▸ **GIVEN DATA**:
• • • • • • •

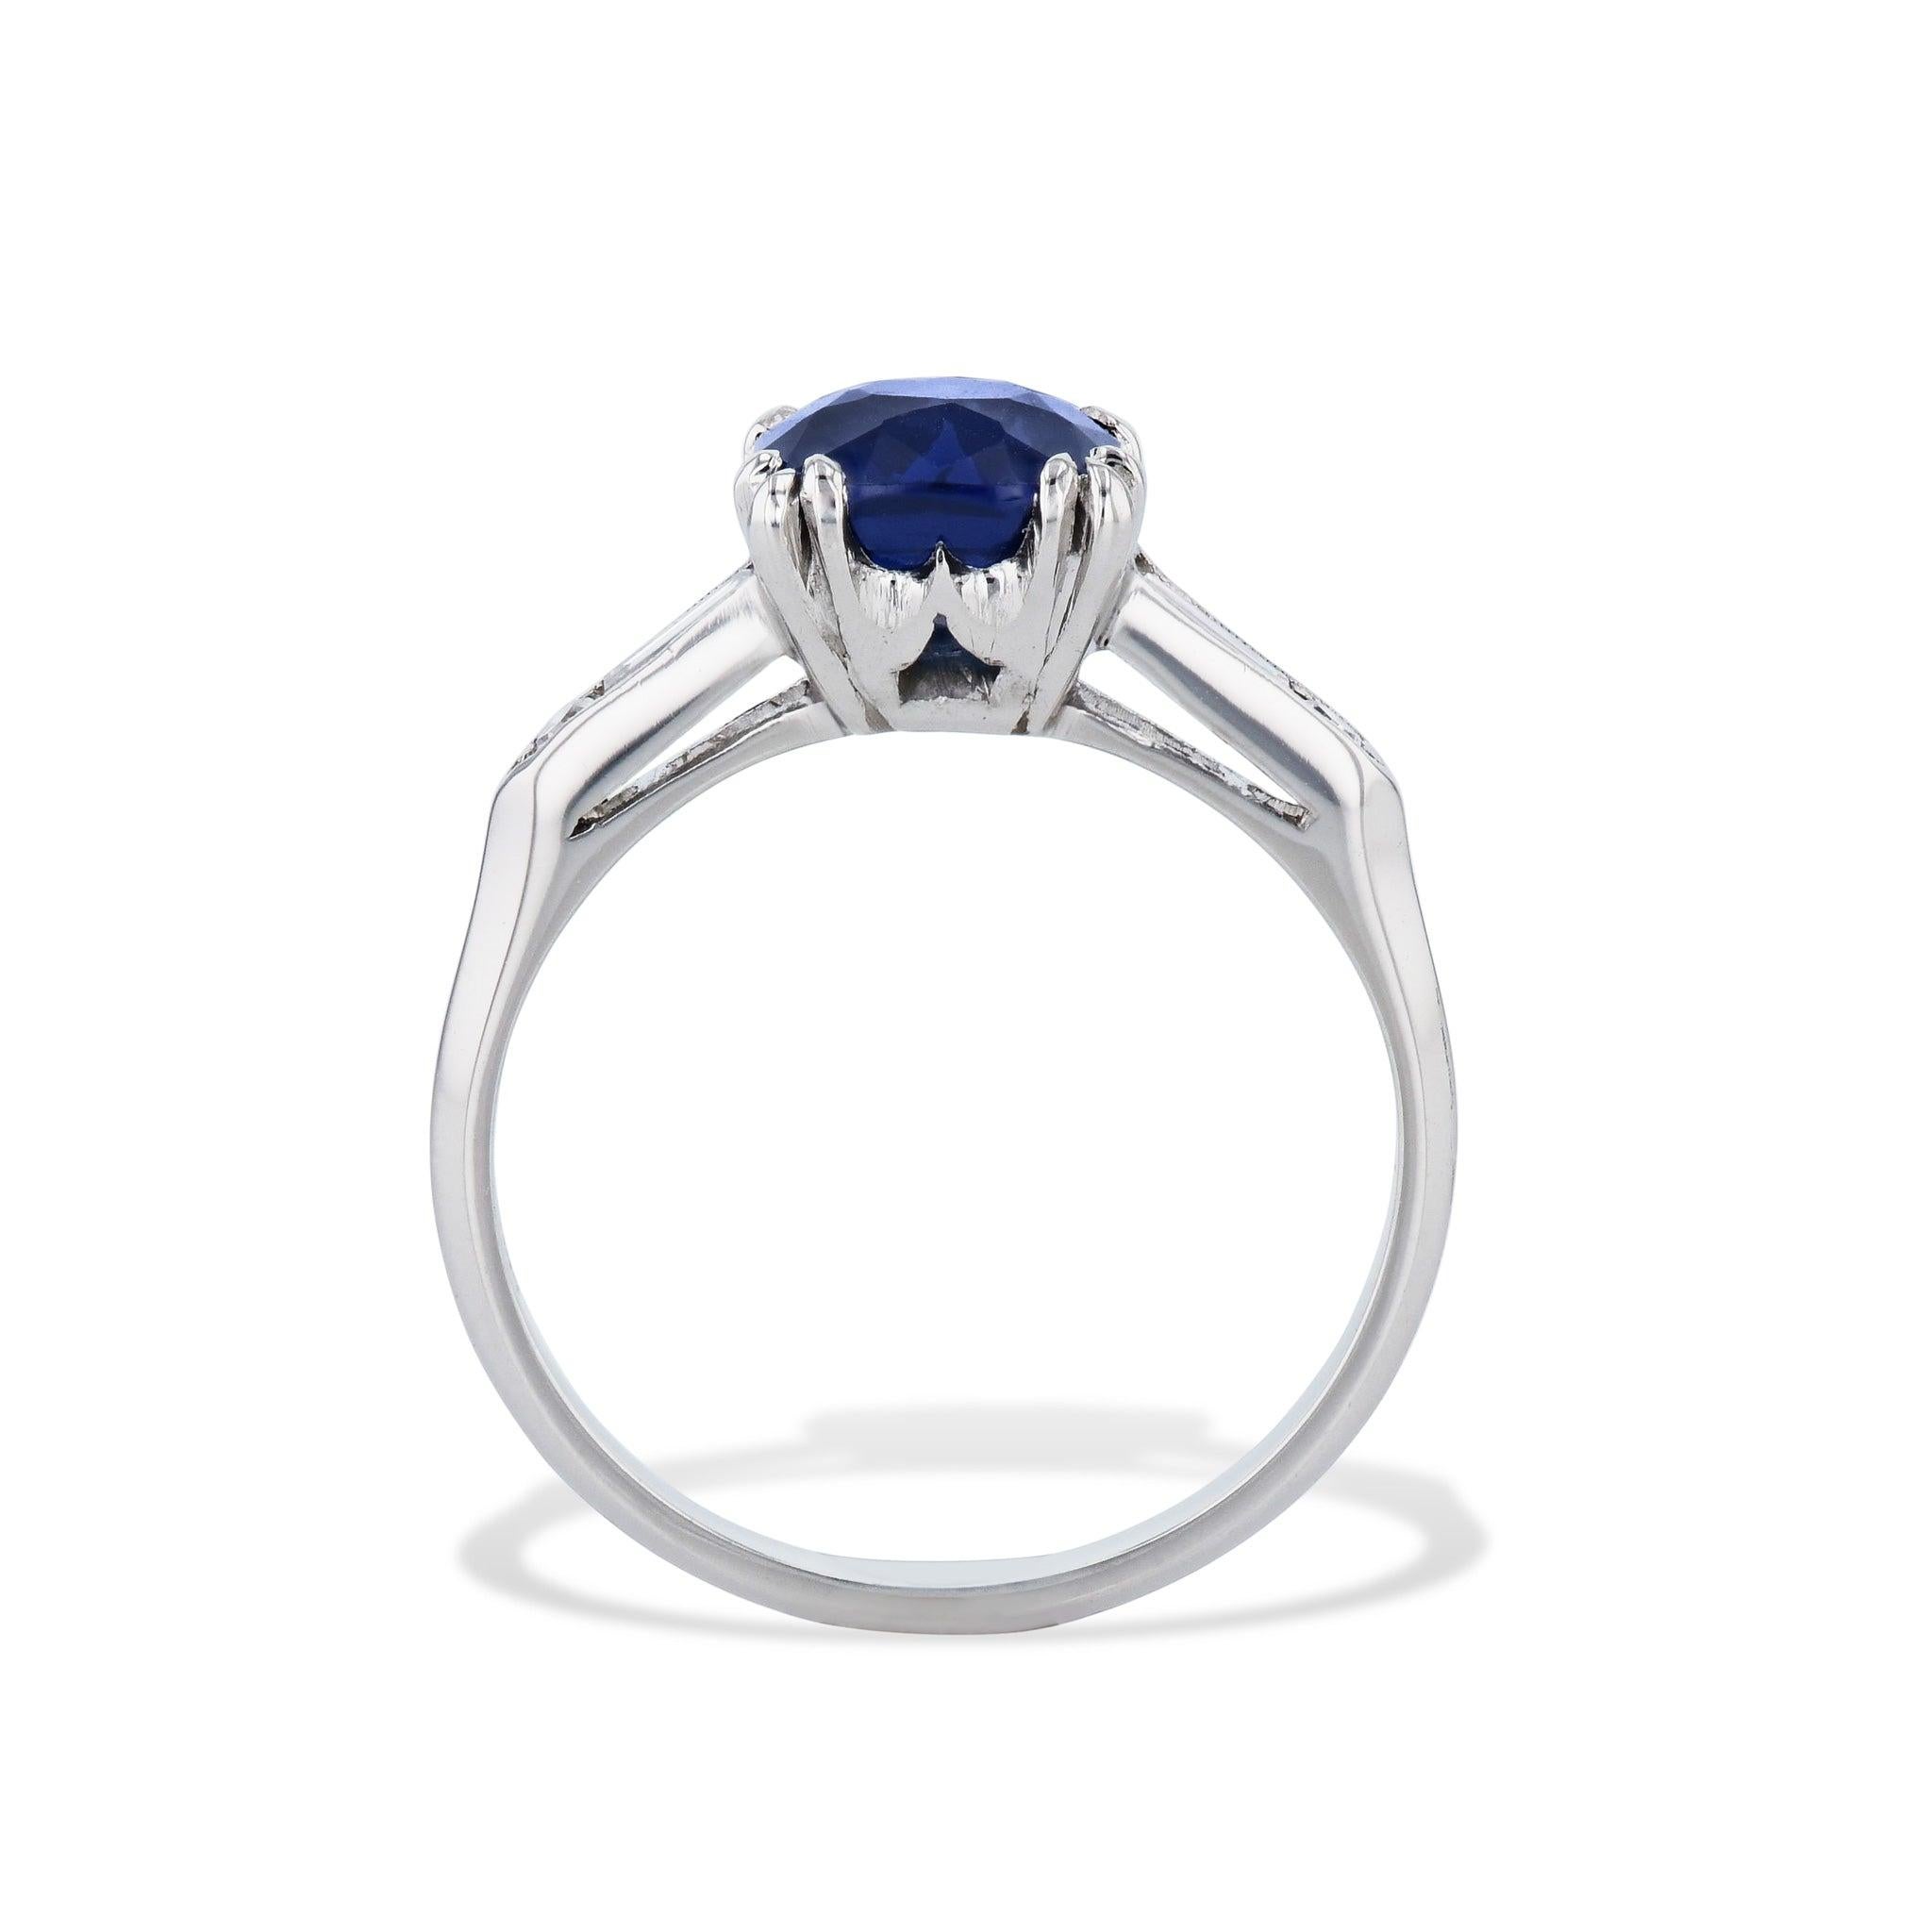 
This exquisite Cushion Cut Blue Sapphire and Diamond Platinum Ring is absolutely stunning. It is  from the 1940's and features a cushion cut, unheated Blue Sapphire with diamond baguettes on each side.

It is crafted in platinum.
The Blue Sapphire
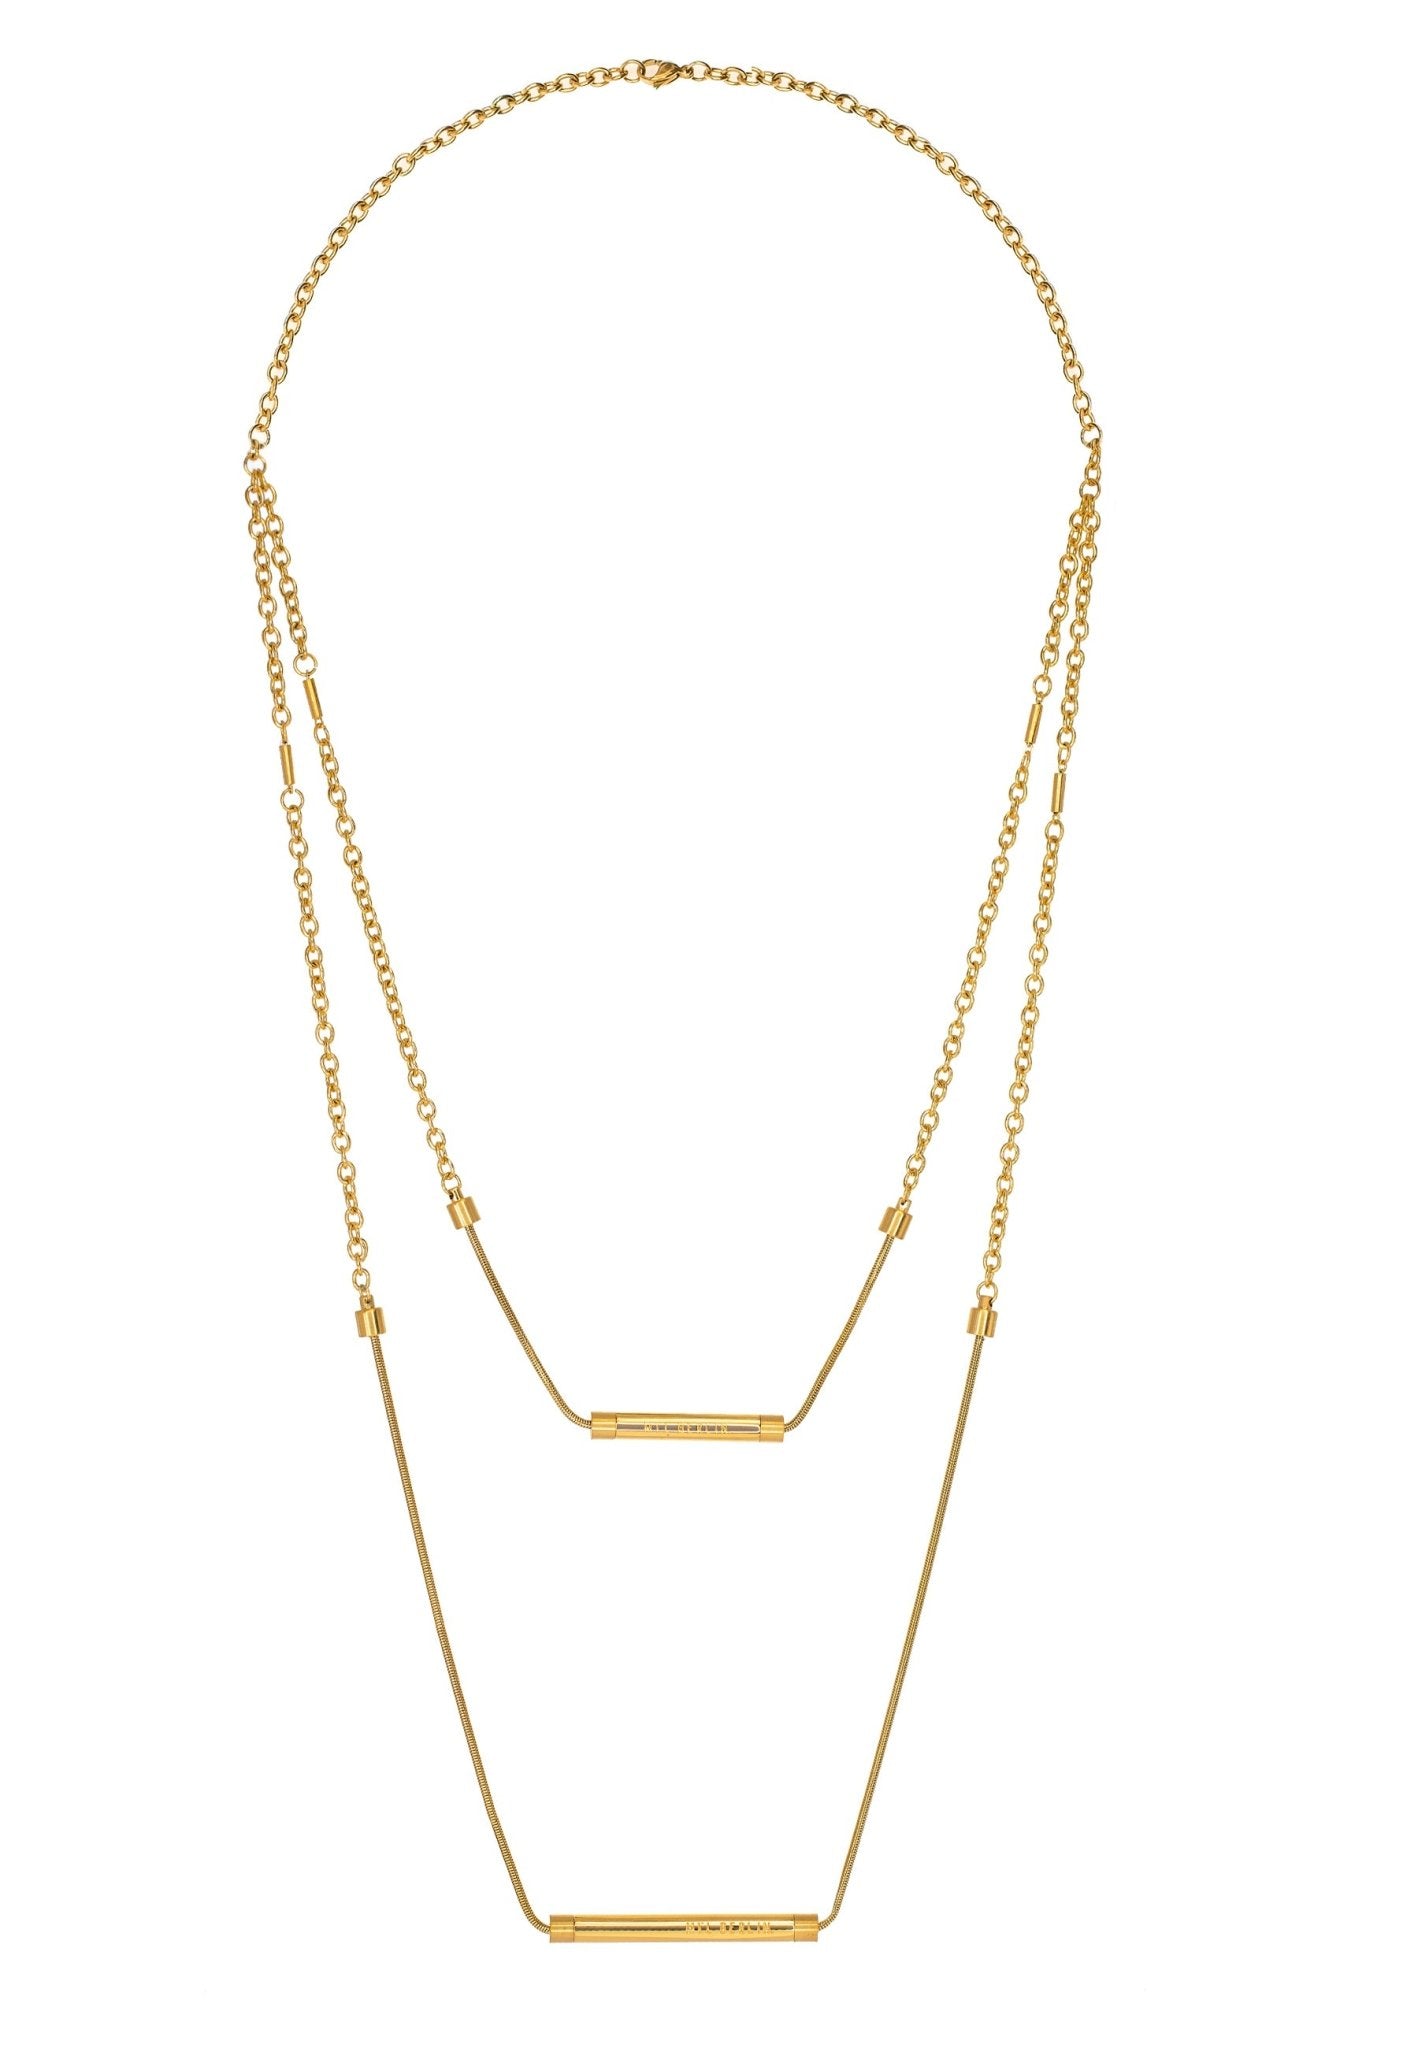 Layered Chain Tube Necklace - MYL BERLIN - 4260654111491 - 4260654111491

• • • • • • •

▸ **WORK REQUIRED**:
Your answer must be an exact copy of the listing, with every picture omitted.

▸ **RESPONSE TO THIS EXERCISE**:
This exquisite Cushion Cut Blue Sapphire and Diamond Platinum Ring is absolutely stunning. It is  from the 1940's and features a cushion cut, unheated Blue Sapphire with diamond baguettes on each side.

It is crafted in platinum.
The Blue Sapphire
 Layered Chain Tube Necklace - MYL BERLIN - 4260654111491 - 4260654111491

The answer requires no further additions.